# iOS 4.2.1 iPAd & iMac : Aucune recharge en cours...



## Tiberius (22 Novembre 2010)

Ah ! Jusqu'à présent je pouvais recharger mon iPad connecté directement sur le port USB de mon iMac (un Core2Duo de 2008).

Depuis la mise à jour en 4.2.1, j'ai droit au message "Aucune recharge en cours" (sur l'iPad) !! C'est pas normal ! Si mon iMac arrivait à recharger l'iPad en 3.2.1, il n'y pas de raisons qu'il ne puisse plus le faire maintenant ! 

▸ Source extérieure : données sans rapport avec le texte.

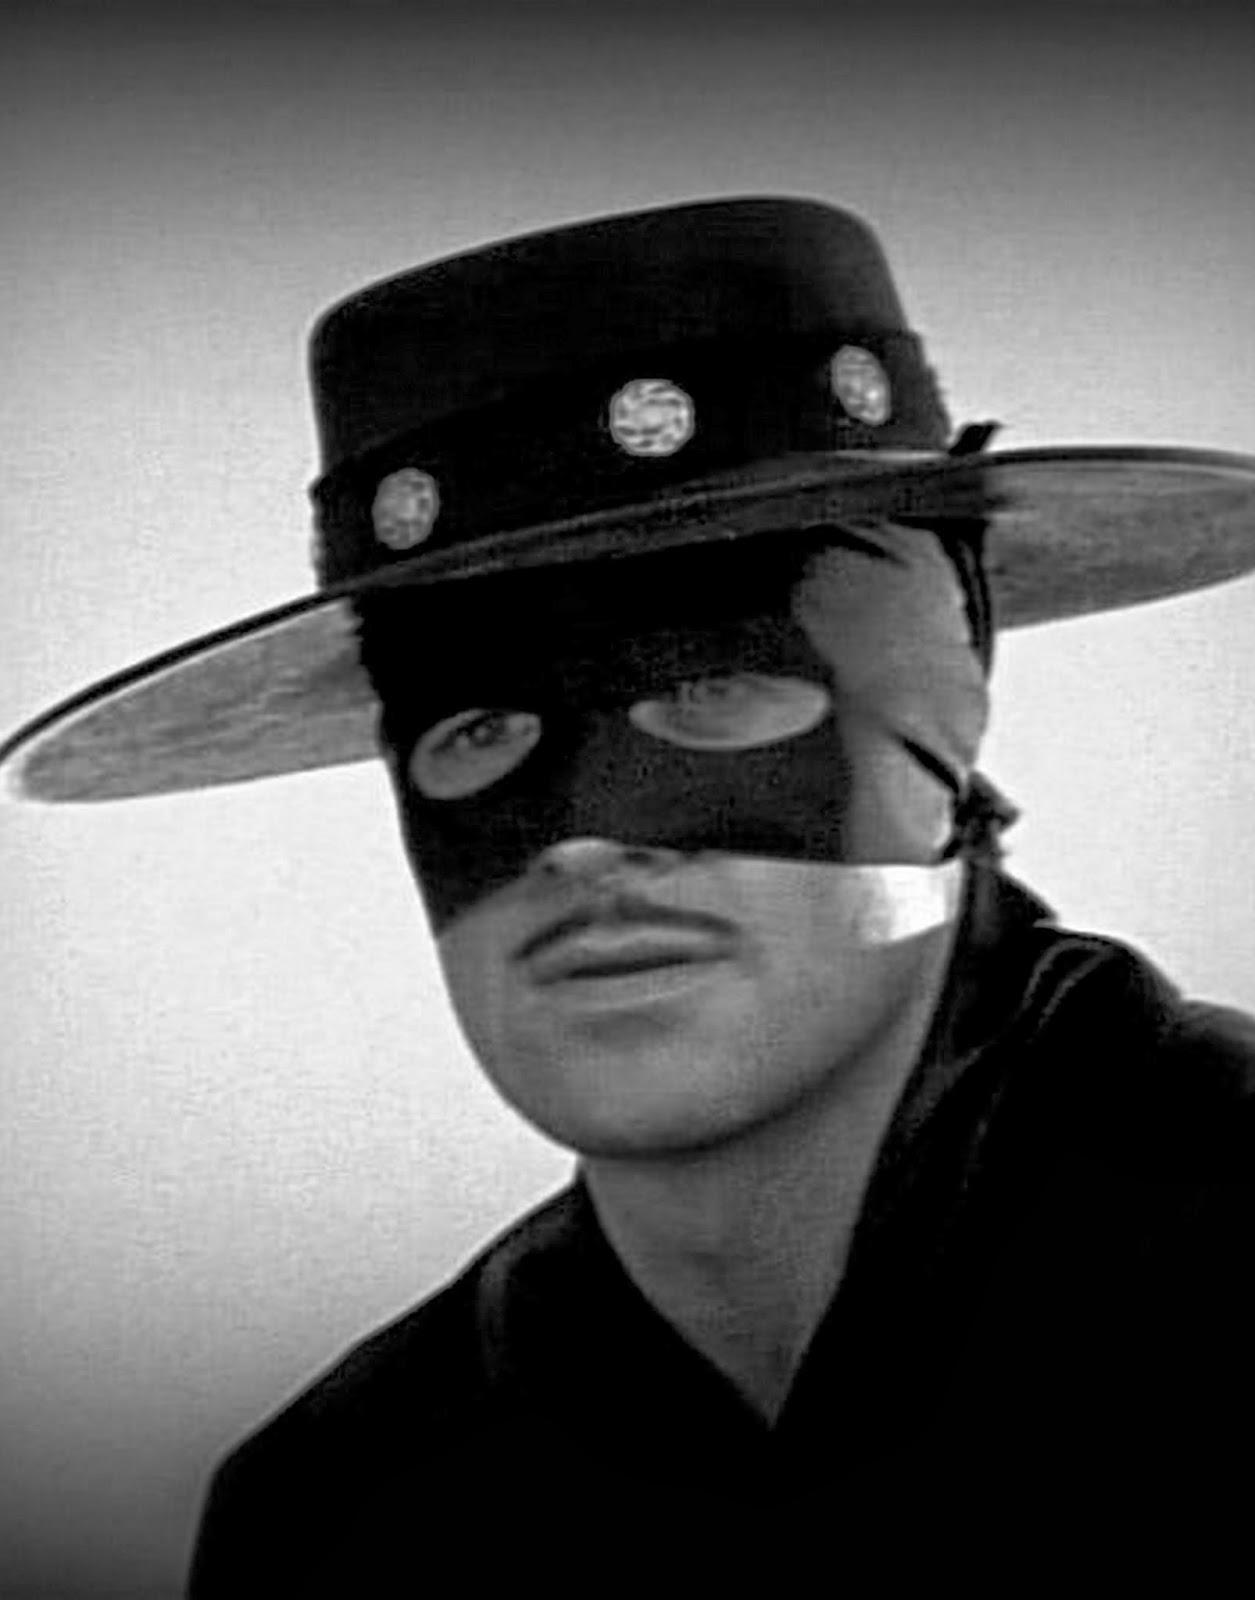 http://4.bp.blogspot.com/-4V4fCDvLDuc/UvhdDidsboI/AAAAAAAAAwA/hWKeeVNZ-ps/s1600/Zorro+Actor+Duncan+Regehr.jpg

Quelqu'un d'autre a rencontré le même soucis ??


----------



## bizoo (23 Novembre 2010)

Perso j'aurais pas fais cette MaJ, j'aurai plutot attendu de voir les autres se demerder 
Essaies ces trucs :

.Le redemarrer
.Le debrancher puis le rebrancher
.Appuyer sur les touches Home et Verrouillage simultanement pendant 15 scnd

Sinon je vois pas, dsl


----------



## Tiberius (23 Novembre 2010)

Merci bizoo. Oui, je sais, il faut toujours attendre... Remarque, j'avais la possibilité de mettre les bétas (en tant que développeur iOS) mais j'ai quand même attendu la version finale 

Bon, j'ai effectivement redémarré, branché/débranché l'iPad, mais ça n'a pas résolu le problème.

Par contre depuis j'ai redémarré l'iMac, et ça semble avoir résolu le problème ! Ce soir je viens de refaire un essai, et l'iPad se met bien en charge. C'est bizarre non ?


----------



## diablotok (9 Décembre 2010)

salut à tous!!!

Mon Patron a un soucis aussi avec son ipad wifi 3g wifi 64go et j'ai vu qu'il avait la mise à jour 4.2.1 j'ai appuyer sur eteindre et home en meme temps jusqu'à ce que la pomme réapparaisse mais le problème persiste, malgré ça la charge a quand même augmenter

je n'ose pas le réinitialiser complètement de peur de lui faire sauter toutes ses données

avez vous des infos à me donner

merci

@diablotok


----------